The Navy Environmental and Preventive Medicine Unit (NEPMU) 2 hosted a Tropical Medicine Course conducted by the Walter Reed Army Institute of Research March 3-5.

The three-day mobile course was designed to improve medical providers' ability to identify, diagnose, and treat infectious diseases of significance to deploying and re-deploying U.S. service members and those of U.S. national strategic interest.

"The Tropical Medicine course put on by WRAIR is a class act. It met an important need for knowledge of infectious diseases faced by operational forces deploying to many parts of the world," said Capt. Christopher Clagett, NEPMU2 preventive medicine officer.

The course provides an overview of tropical medicine for medical personnel through lecture and laboratory identification. Discussion topics included disease prevention, diagnosis and control with the ultimate of goal of improved patient treatment. And for local area commands that may not have been able to attend the five-day course in Washington D.C., hosting similar training at NEPMU-2 was both cost-effective and convenient.

"This kind of knowledge is essential for two reasons. First, given that we lack the logistics capacity to take sufficient medications to treat large numbers of cases of disease, we must use knowledge of disease ecology to prevent cases among our personnel," said Clagett. "Second, these are diseases that do not commonly occur in the United States, so U.S. medical training often lacks any substantial content in them. Because of that lack, U.S. providers are often handicapped in both the recognition and clinical management of conditions that are at least mission-limiting when they are not fatal."

According to Hospital Corpsman 1st Class (FMF/SW) Michael Bigelow, NEPMU-2 preventive medicine technician, a basic knowledge of prevention and identification of infectious diseases is one of the many topics that a preventive medicine technician (PMT) should have, especially when deploying to parts of the world where these diseases are common.

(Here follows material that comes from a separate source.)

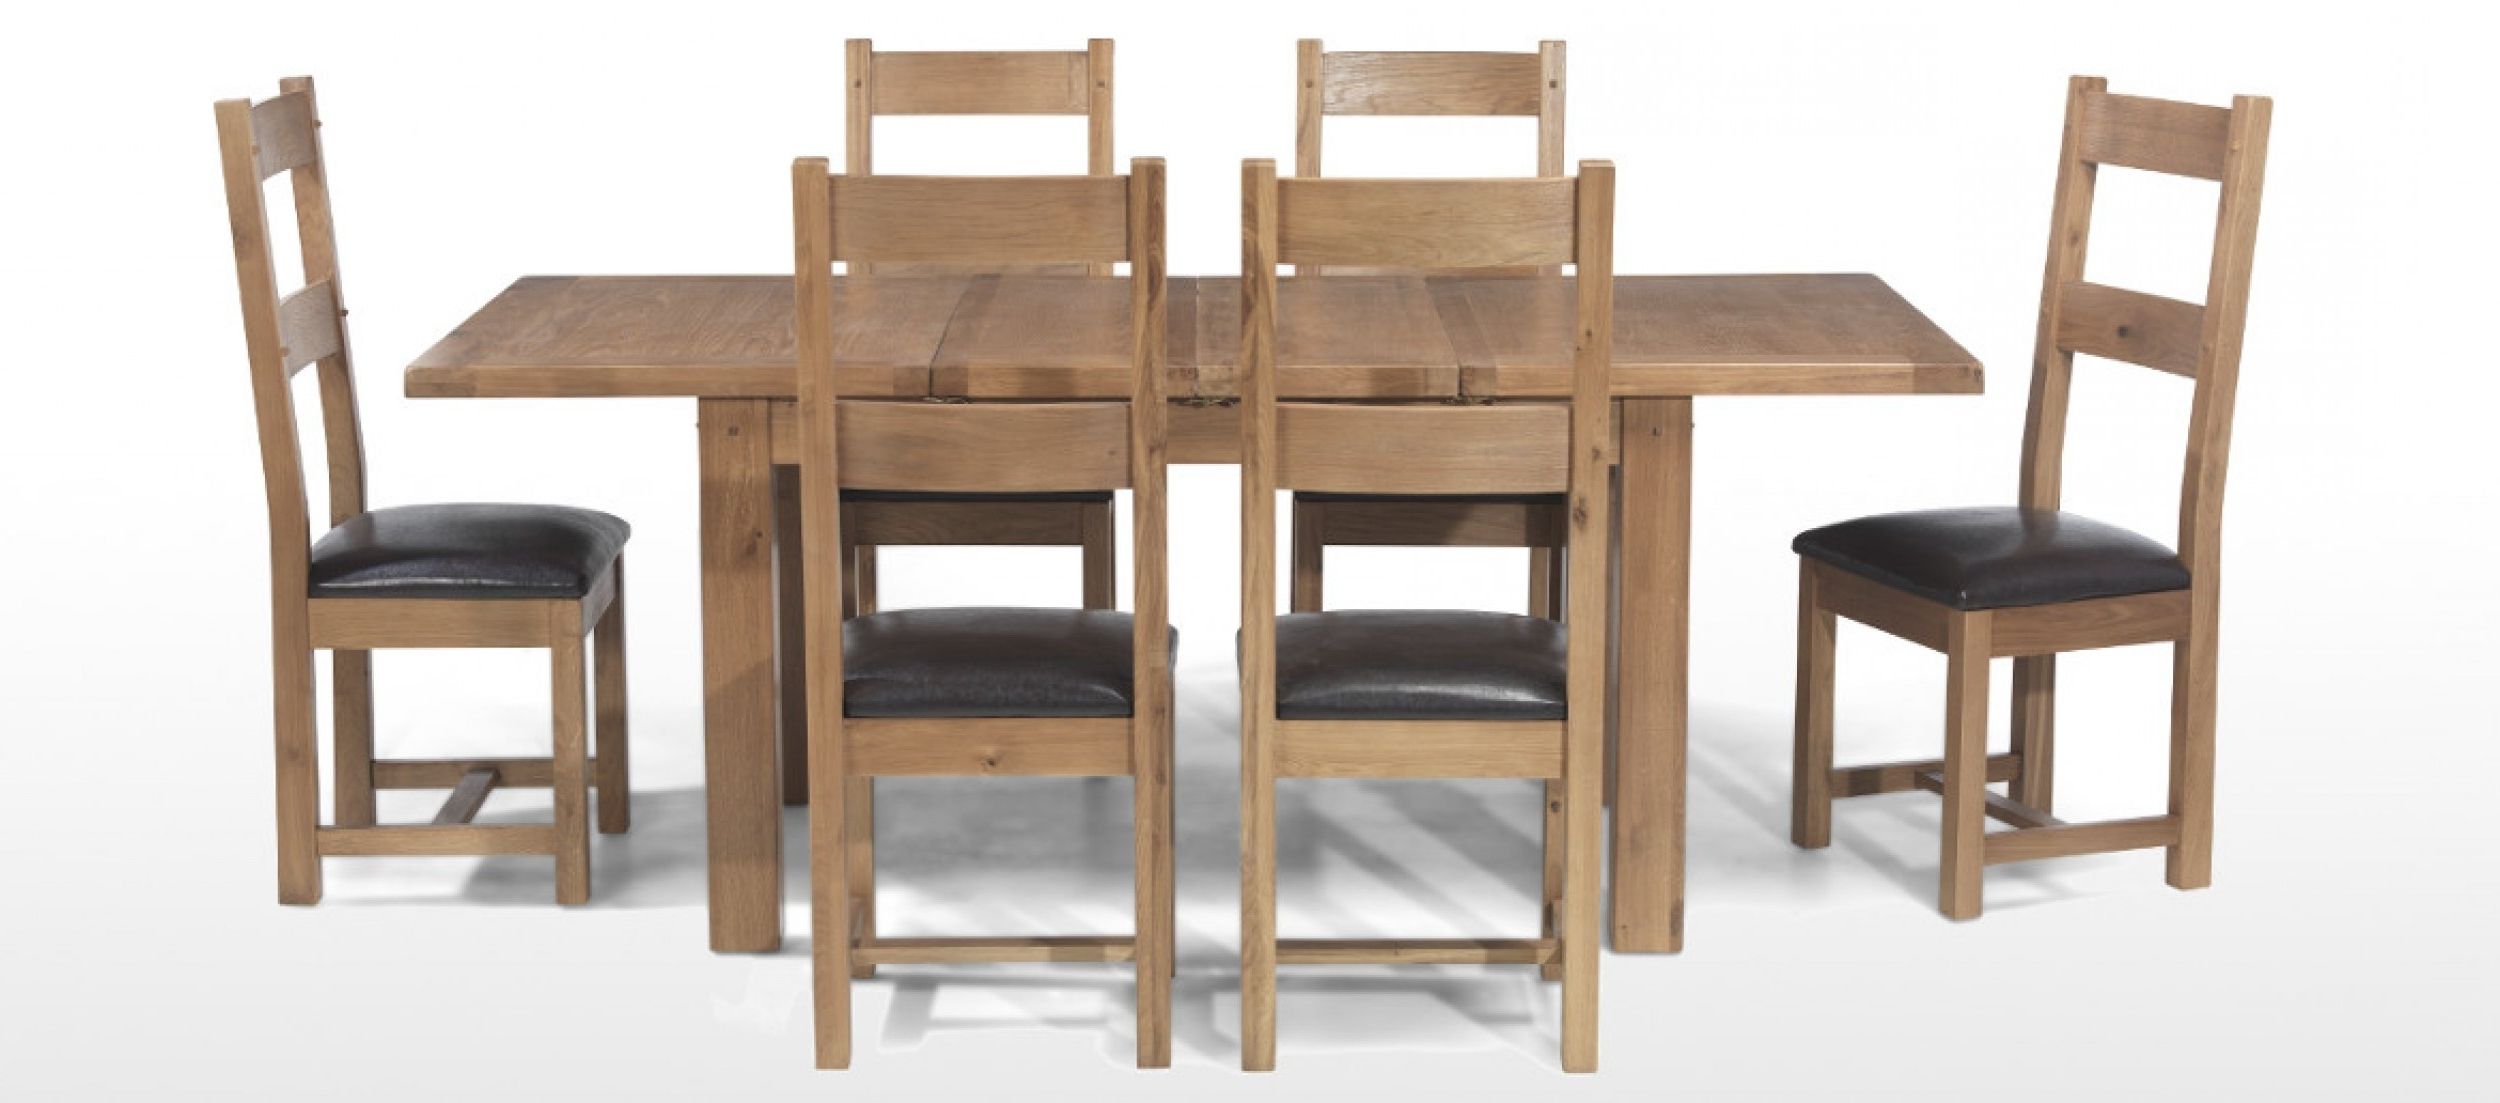 Rustic Oak 132 198 Cm Extending Dining Table And 6 Chairs (View 15 of 25)
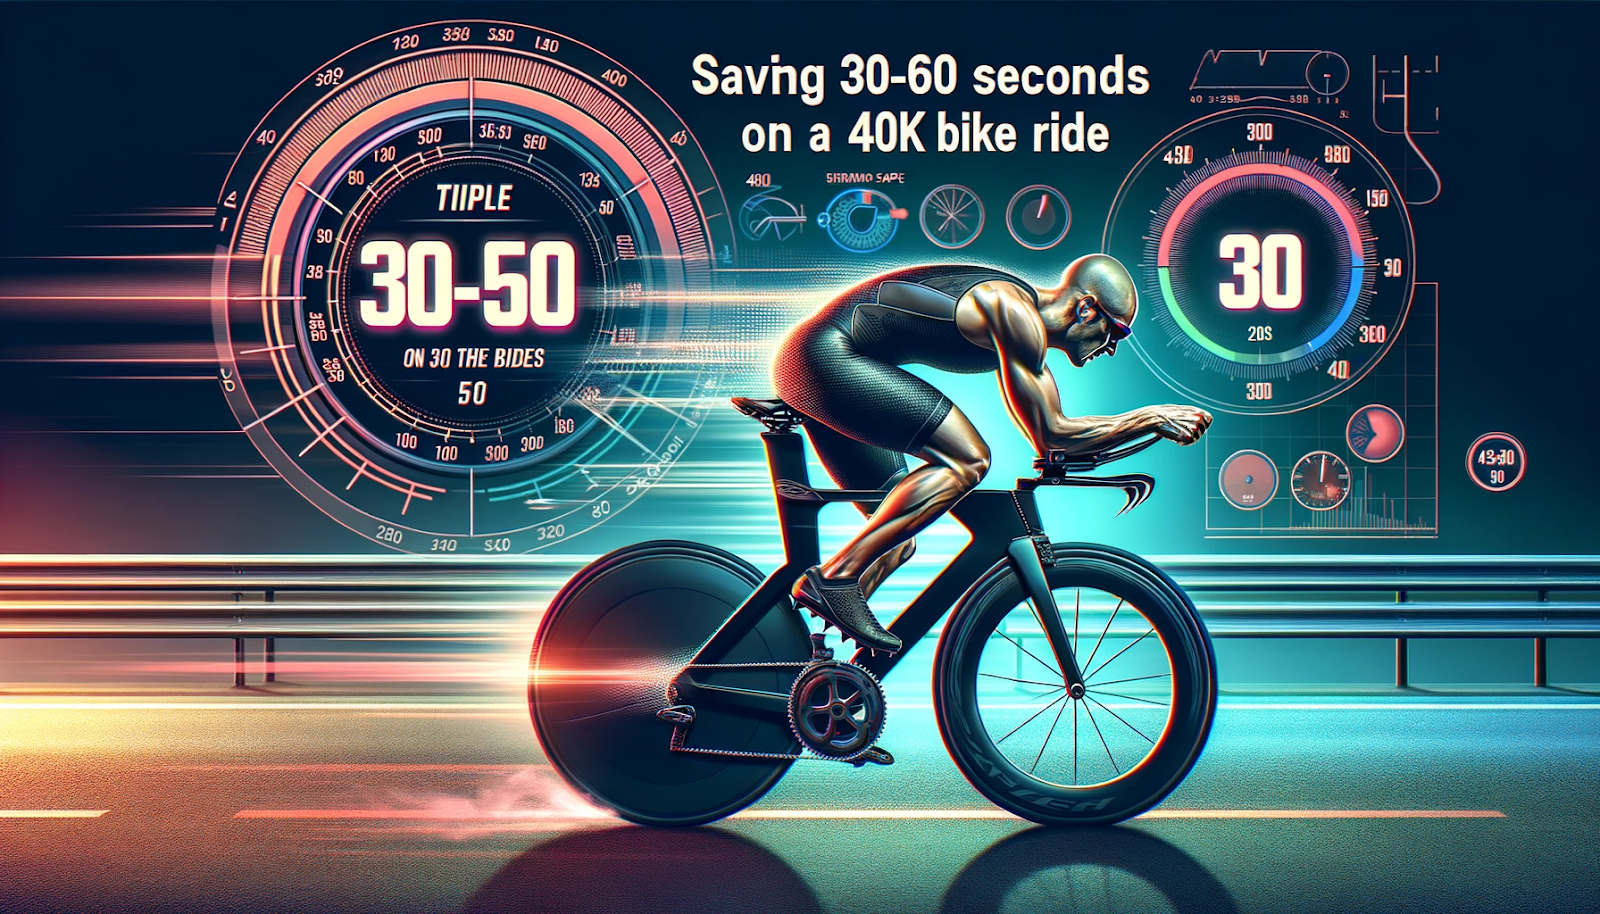 Photo of a triathlete riding a top-tier triathlon bike on a race track. The athlete is in a streamlined position, emphasizing the aerodynamics of the bike. The background shows a digital timer clocking the bike's speed, with a caption underneath stating 'Saving 30-60 seconds on a 40k bike ride'. Surrounding graphics illustrate the wind resistance being efficiently managed by the bike's design.

"The course was not only a very thorough refresher, but I also learned many things that I did not previously know," said Bigelow. "The instructors were all subject matter experts in their respective fields, so they were very knowledgeable and were willing and able to answer any questions that were asked. I greatly enjoyed the course, and although I hope that nobody that I deploy with is exposed to one of the many diseases that were taught, I feel much better prepared if it happens."